Pravda, to the Bush White House: on the day that the latest news of global climate change shocks the world, the communications arm of the American Enterprise Institute (AEI) offers $10,000 and expenses to anyone who can disprove it.

Saturday

New York Times today reports in the final quarter of 2006, “final sales to domestic purchasers” rose at an annual rate of only 2.5 percent, before adjusting for inflation, “less than a third of the growth rate early last year” and “the slowest rate of growth since early 2002, when the economy was emerging from the 2001 recession.”

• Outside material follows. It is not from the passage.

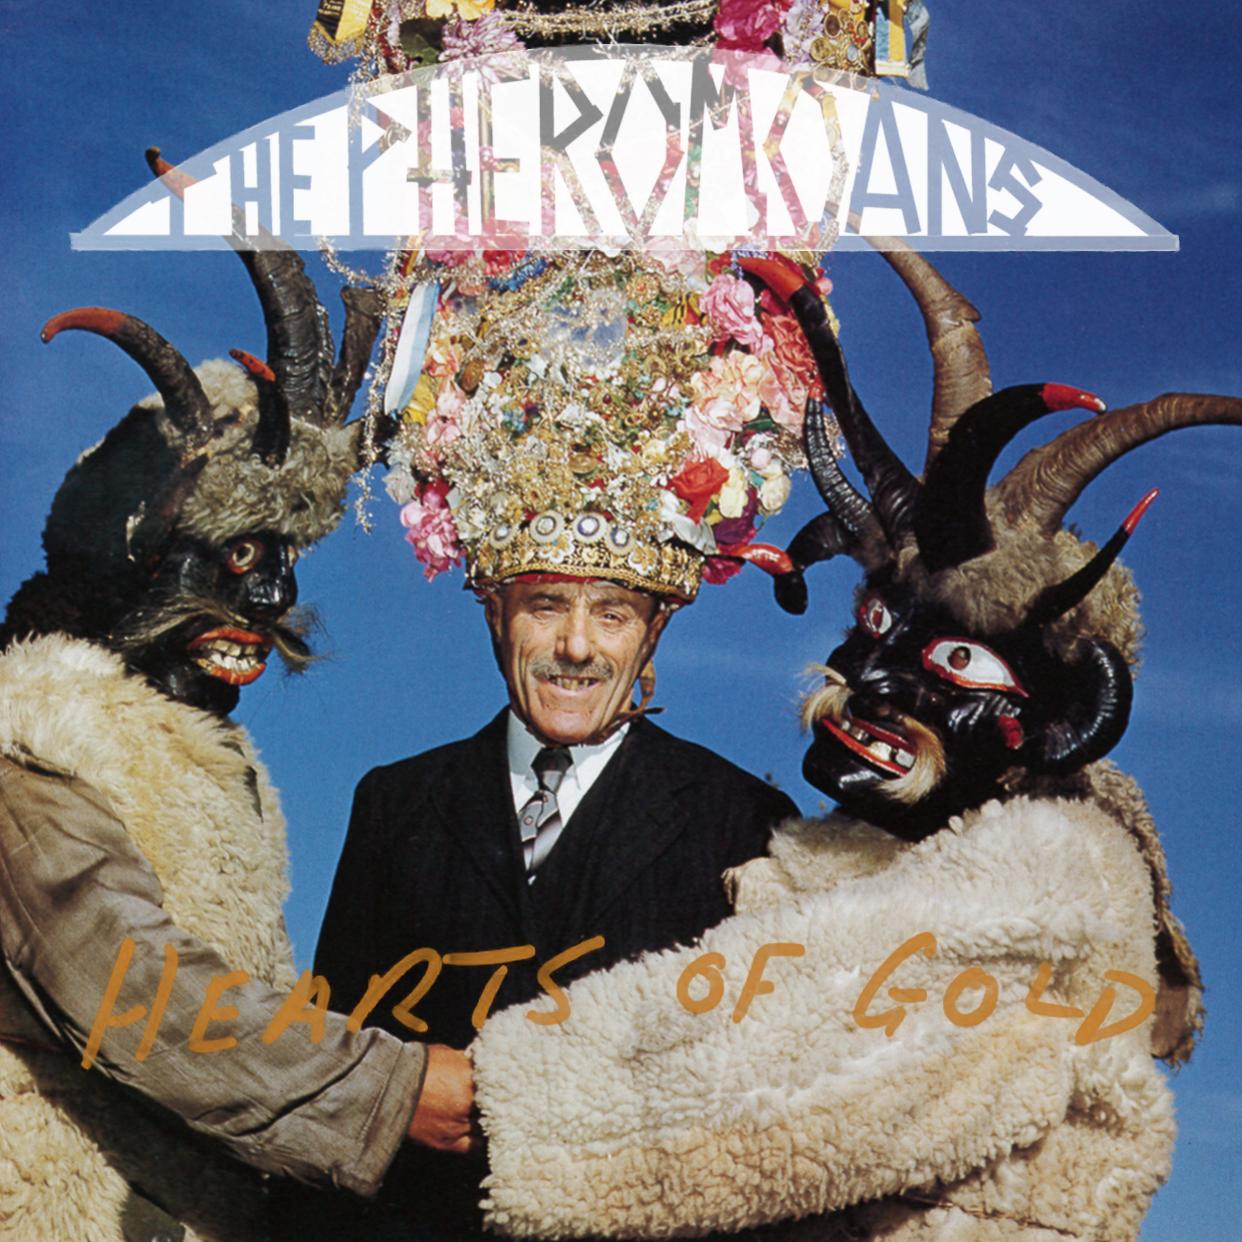 Pheromoans, The - The Pheromoans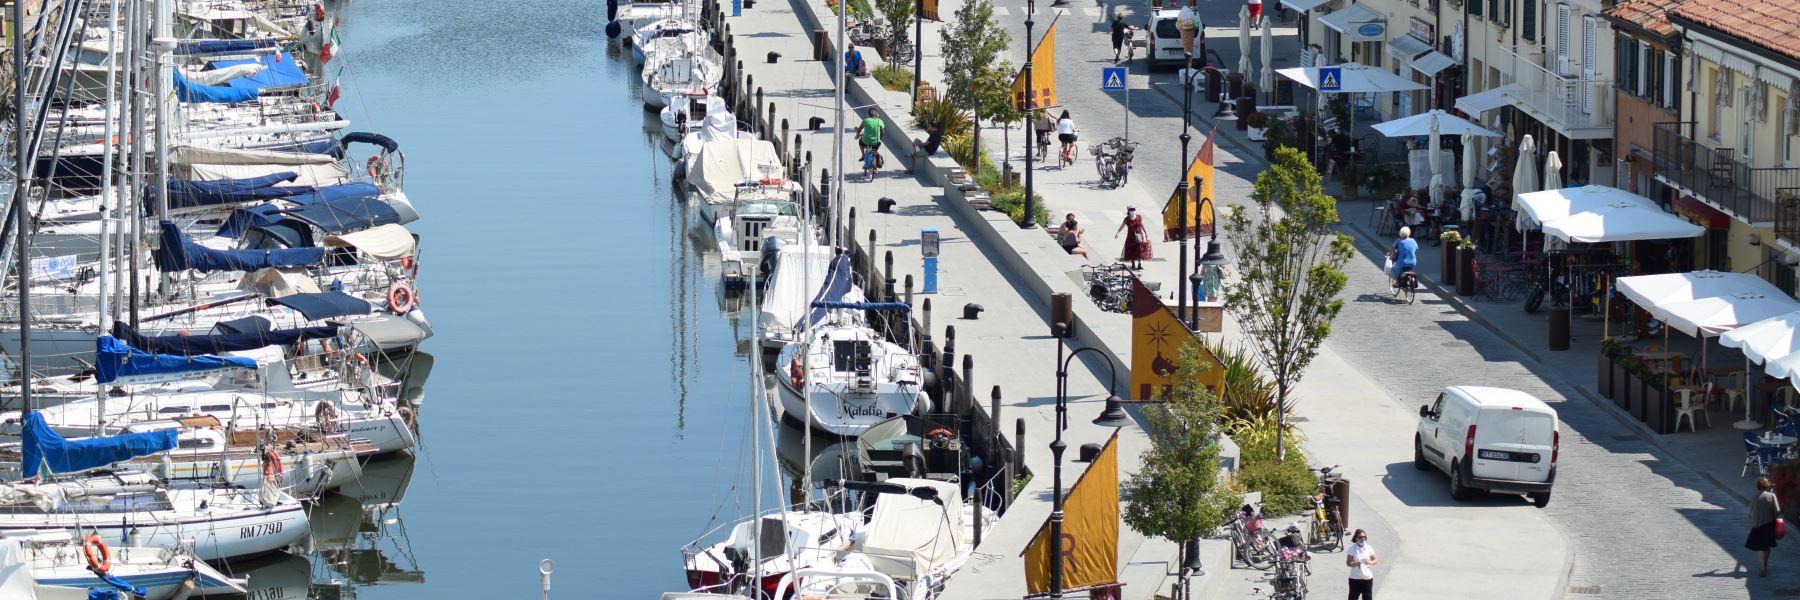 Borgo Marina - Bourg des Pêcheurs

That’s not what the mainstream media reported on the day President Bush appeared on the floor of the New York Stock Exchange. The market cheered Bush and the press note that the economy grew at an annual 3.5 percent rate in the last quarter of 2006.

Now that we know the latest quarter was the first time since 1991 that home building declined in three consecutive quarters, we can’t wait to see what happens in the fourth quarter.

Sunday morning

Superbowl morning in Miami! Big Coal is shaking off hangovers at the Ritz on Key Biscayne. The planet is warming. Big Everything Else is lined up wing tip-to-wing tip at every airfield within driving distance of Joe’s Stone Crab.

Aviation tankers are lined stem to stern to fuel private jets for the passage homeward bound. An army of caterers will soon be putting on board platters of finger food, safely wrapped in Saran until wheels up. Mission accomplished.